RL-CAI goes further using reinforcement learning (Paper 15):

  1. Generate response pairs: Ask the model to generate two different responses to the same prompt.

  2. AI judges the pair: For each principle in the constitution, ask the model: “Which response better follows Principle [i]?” or more directly, “Which response is less harmful?”

    The model reads both outputs and generates a preference: “Response B better follows Principle 4 because it declines to provide illegal information.”

  3. Collect preferences: The pair (response A, response B) + preference (B is better) becomes a training example for a reward model.

  4. Train reward model: Use these AI-generated preferences to train a Bradley-Terry reward model (like in RLHF). The reward model learns to score responses on how well they follow the constitution.

  5. Optimize with PPO: Use the reward model as a signal to fine-tune the model with PPO (Paper 15). The model learns to generate outputs that score high on the constitutional reward model.

Result: The model is optimized to follow the constitution at inference time.

Key Insight: Why AI Feedback Works

The insight is profound: An AI can consistently apply written principles. Humans cannot.

  • A human reads Principle 4 (“avoid illegal content”) and judges an output. Their judgment is influenced by mood, culture, fatigue, and personal values.
  • An AI reads Principle 4 and applies it consistently every time. If it has a bias, the bias is transparent (you can read the constitution and see if the principle is biased).
  • An AI can generate feedback in parallel for millions of outputs. A human can do 50 per day.

The constitutional approach is also transparent: anyone can read the constitution and audit whether the AI is applying it fairly. It’s not a black box of human preferences.

The Indian Analogy (Detailed)

Imagine you’re a hostel warden at an IIT dormitory. You have 500 students, and you want them to follow your rules of conduct.

Old way (RLHF): You hire 20 senior prefects and ask them to live in the hostel and monitor behavior 24/7. When a rule is broken, the prefect must make a judgment: “Is this a violation? How serious?” By 9 PM, the prefects are exhausted. They’ve made thousands of micro-judgments. Some are inconsistent. Some prefects are stricter than others. After a month, two prefects quit because they’re burned out from constant conflict. You have to hire and train replacements.
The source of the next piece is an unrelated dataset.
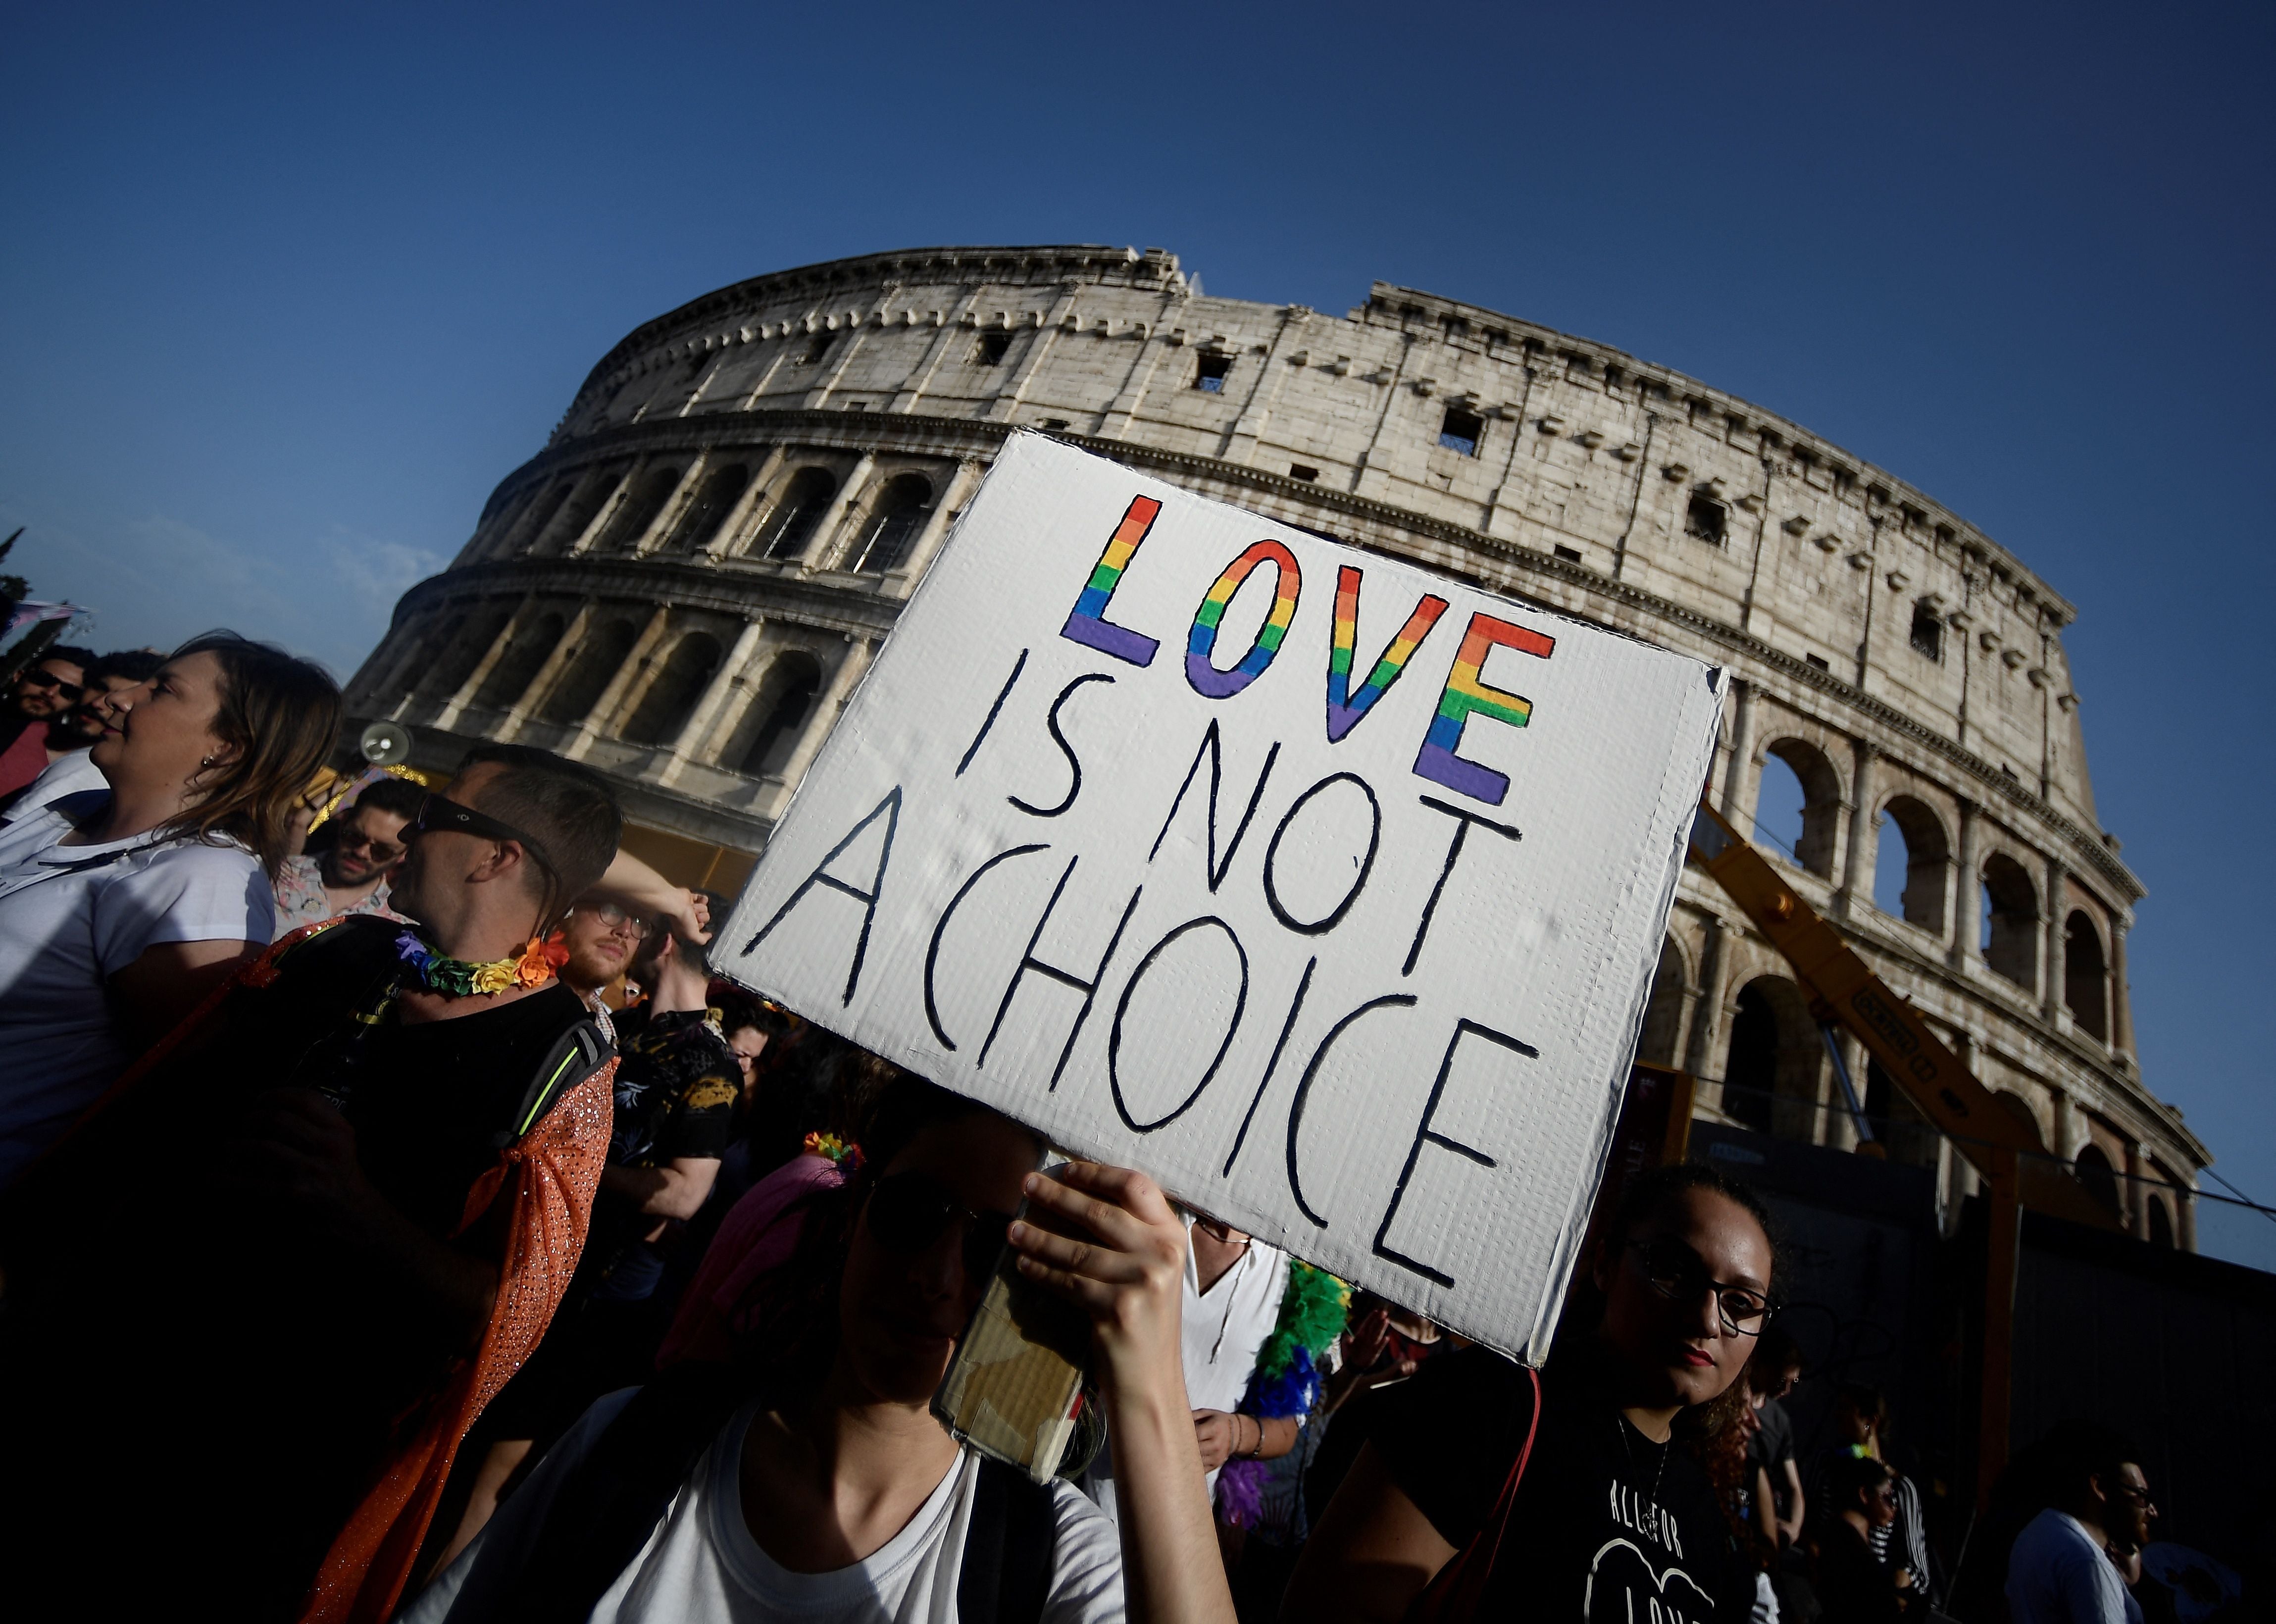 Participants walk past the Colosseum monument in Rome during the annual Gay Pride parade

New way (Constitutional AI): You post a clear Honor Code on the wall with 16 principles:

  • “Students should be respectful to each other.”
  • “Students should follow curfew.”
  • “Students should not damage hostel property.”
  • “Students should not engage in academic dishonesty.”

Every evening, you ask the senior prefect (just one person, the smartest student): “Read the honor code and the incident report. Does this violation violate Principle 3?” The prefect applies the code logically and consistently. The prefect doesn’t get burned out because they’re not making value judgments — they’re just reading the code and applying it. You can audit the prefect’s decisions by reading the code yourself.

After a month, ask the prefect: “Tell me a story about a student who violated the honor code, and then tell me how they could have acted to follow the code.” The prefect generates 1000 such stories. Use these stories to teach new prefects (and younger students) what the honor code means in practice.

That’s Constitutional AI.

Summary

  • SL-CAI: Generate self-corrected outputs using AI critique. Fine-tune on the corrections. Result: model learns to generate better outputs from scratch.
  • RL-CAI: Generate response pairs, use AI feedback to train a reward model, optimize with PPO. Result: model is optimized to follow the constitution.
  • Key advantage: No human judgment of harm. Transparent, scalable, consistent.